Heterotopias – a study of other spaces in 10th grade students’ film production

Submitted by: Helle Rørbech
Abstract: This paper explores data from an elective two-semester film course on a Danish continuation school for 10th grade students. The study followed students’ film production and participation in an annual film festival where film students from three continuation schools competed about a number of film prizes in documentary, animation and fiction. Place was the common theme of the festival in 2016, where observations were conducted.
The study is an ethnographic fieldwork and uses key methods in ethnographic research such as interviews, field observations, and collection of diverse artifacts and products. It is a qualitative single case study, that investigates students’ mutual meaning making with films in situ, that is in real time and space, and in its natural milieu and context (Flyvbjerg, 2006). Since the teaching of language and literature in L1 on Danish continuation schools is a quite underexposed research field, and as the learning design of the film course presumably is rare or unique it can be classified as an extreme case (Flyvbjerg 2006, 230, Ridder 2017, 287).
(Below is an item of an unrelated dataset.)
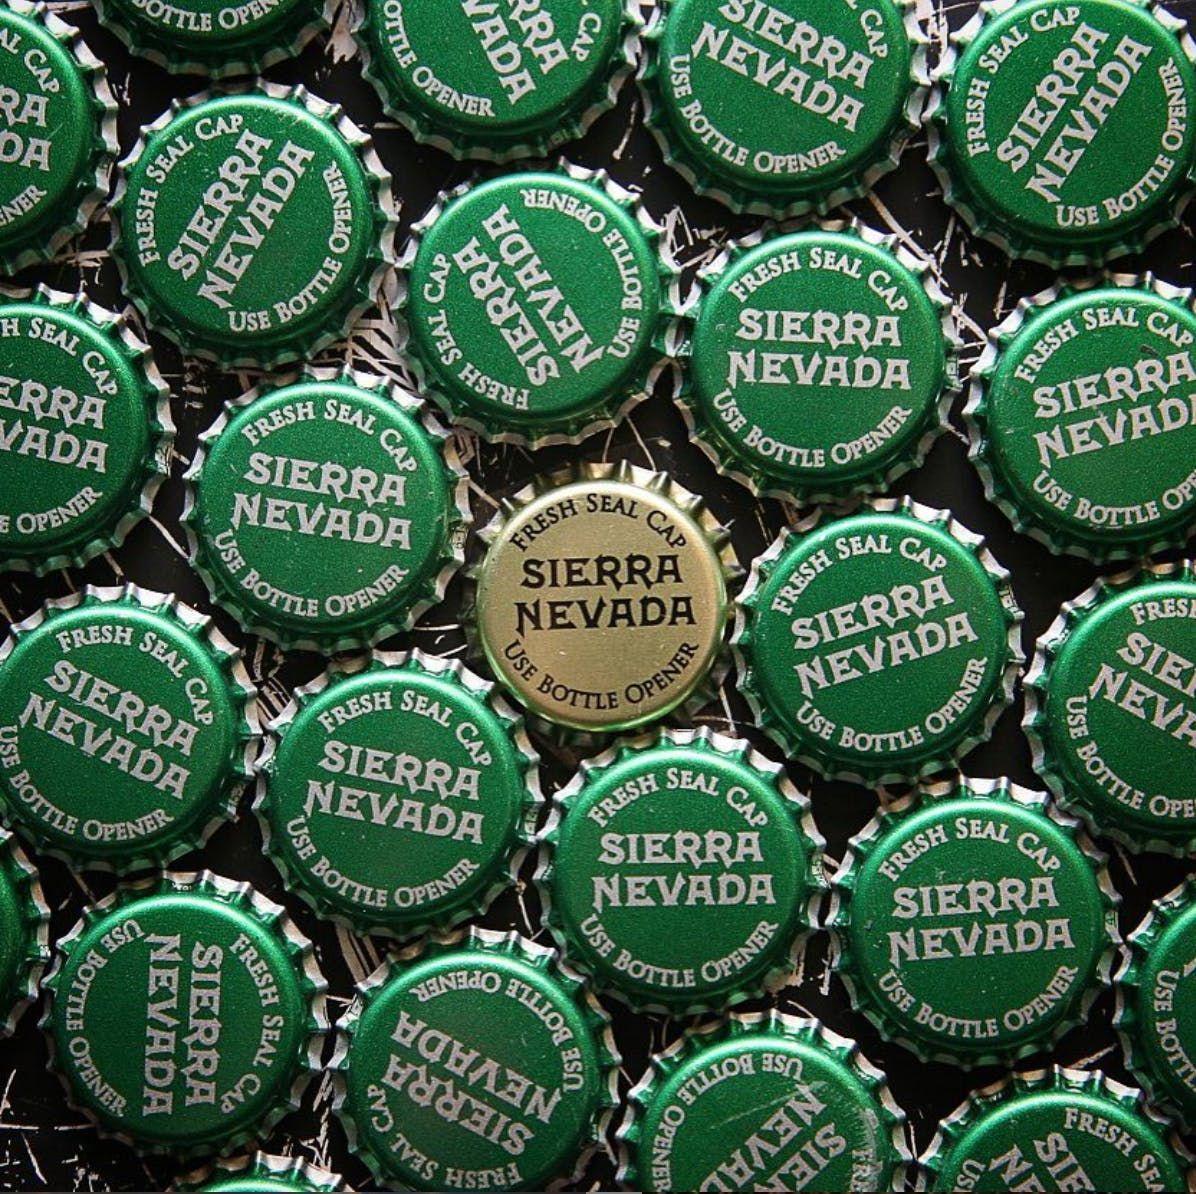 January Beer Dinner with Sierra Nevada

The purpose of the case study was to explore students’ meaning making with film under the special conditions constituted by the continuation school context and a specific learning design, scenario-based learning (Bundsgaard, Misfeldt and Hetmar 2012). The two concepts will be explained in the paper presentation. Moreover, the case study was aiming at developing theory to understand the film production and its Bildung potentials under these conditions (Flyvbjerg 2006, Ridder 2017).
One of the research interests of the study was to understand, how students’ interpretations of the theme place, and their choice of locations and cultural spaces in their films are related to the development of their personal and cultural identities. In the paper Michel Foucault’s concept of other spaces ( heterotopias) (Foucault 1986) will be used to expound students’ fascination and aesthetic investigations of otherness as a focal point for their identity work, and as a catalyst of potential process of Bildung in their film production.
The empirical basis of the paper will be an analysis of the main locations in selected films along with excerpts from student group interviews.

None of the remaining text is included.